Every once in a while, an author produces a work of reportage mixed with thoughtful analysis that can change the thinking on a question – or even rewriting the nature of that question. There is already a veritable mountain of books about the rise of China and its impact on the global economic future, and there is much in these volumes that demands the attention of serious readers. But one new book, in particular, Howard French’s China’s Second Continent, offers a very different – and provocative – perspective on China’s economic future, with special attention on Africa. Building on years of experience in both China and Africa, and following months of personal inquiry across the continent to search for answers to the questions of what China really wants in Africa, and how it is going to get there, French has effectively turned these questions on their head.

Instead of writing about China’s international economic policies in the language of the think tanks, of Wall Street and The City, or government councils in Whitehall or Washington, French has focused instead on what a million individual Chinese have done – or are now doing – throughout Africa, almost without regard to what the Chinese government may have planned or been thinking. In tackling the topic through this optic, French has given this vast Chinese movement into and across Africa crucial human dimensions.

Moreover, he has allowed this movement to be seen amidst much larger and longer-term historical and economic trends – rather than reducing them to the results of particular Chinese government investment or foreign development or foreign policy decisions. This re-calibration makes French’s observations all the more pertinent, startling with their granular clarity and that much more important to understand.

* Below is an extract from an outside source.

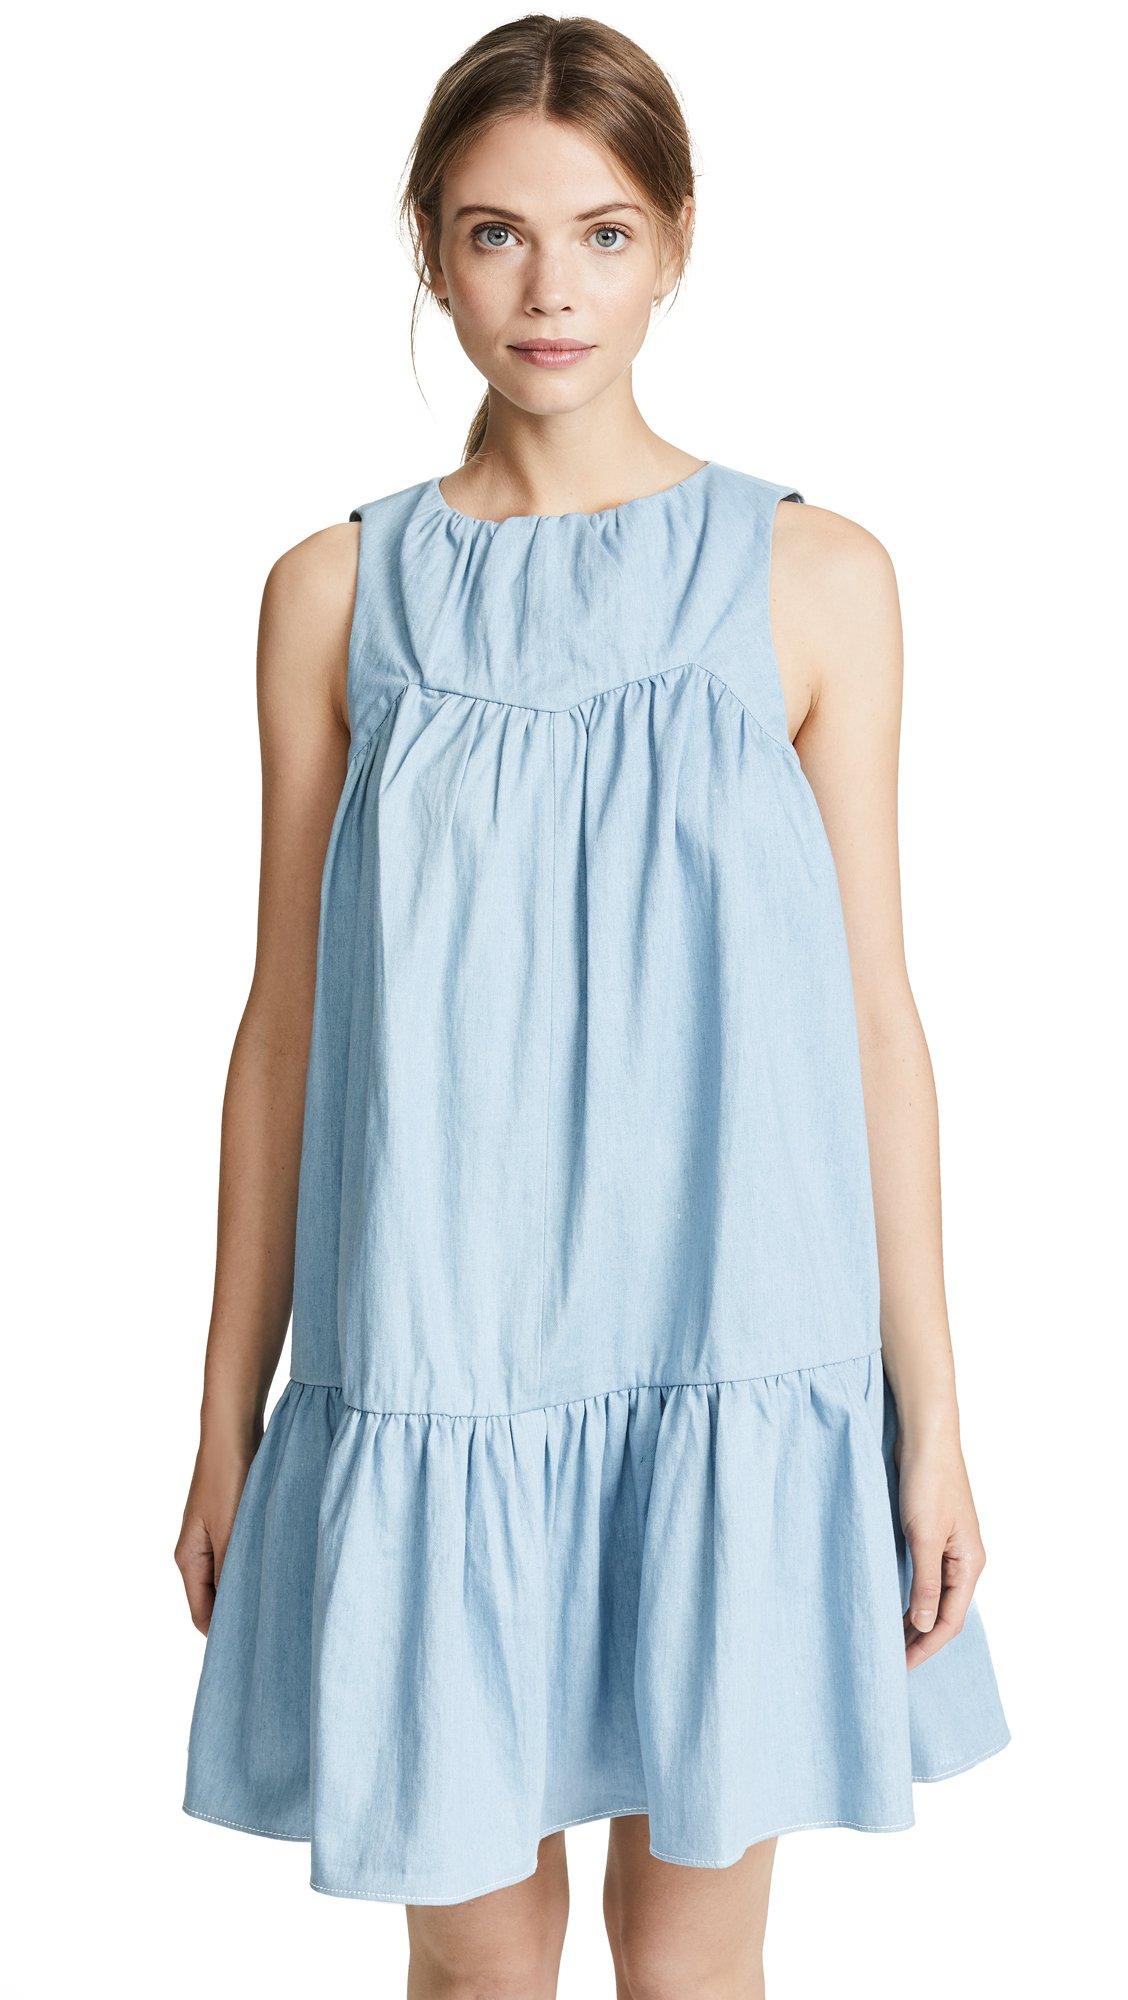 PAPER London Women's Dolce Denim Dress, Light Wash, 14

French is thoroughly acquainted with Africa. He was partially brought up in on the continent as a child, his wife is Ghanaian and he knows the region from the years he spent in Africa as a foreign correspondent as well. Moreover, he has also spent much time in East Asia where he covered developments in China (and speaks and reads that language well) and this writer met him years ago when he was covering news events in Tokyo as well.

In particular, French’s Chinese fluency and cultural understanding surely helped him get beyond the more usual formal interactions that would otherwise have been the rule with his Chinese interlocutors. (Just imagine for example, that moment of first encounter between French and a Chinese farmer in rural Mozambique when French greeted him and then began querying him about his reasons for ending up in the Mozambique hinterland instead of his ancestral hometown in rural Henan Province – all in colloquial Chinese.)

French’s description of the Chinese movement into Africa as a natural outgrowth of Chinese society, forcefully reminded this writer of his own experiences in Southeast Asia years ago. For hundreds of years, Chinese ventured from the same provinces as French’s acquaintances to reach for opportunities beyond the hardscrabble lives they and their families before them had been forced to lead in their homeland for generations.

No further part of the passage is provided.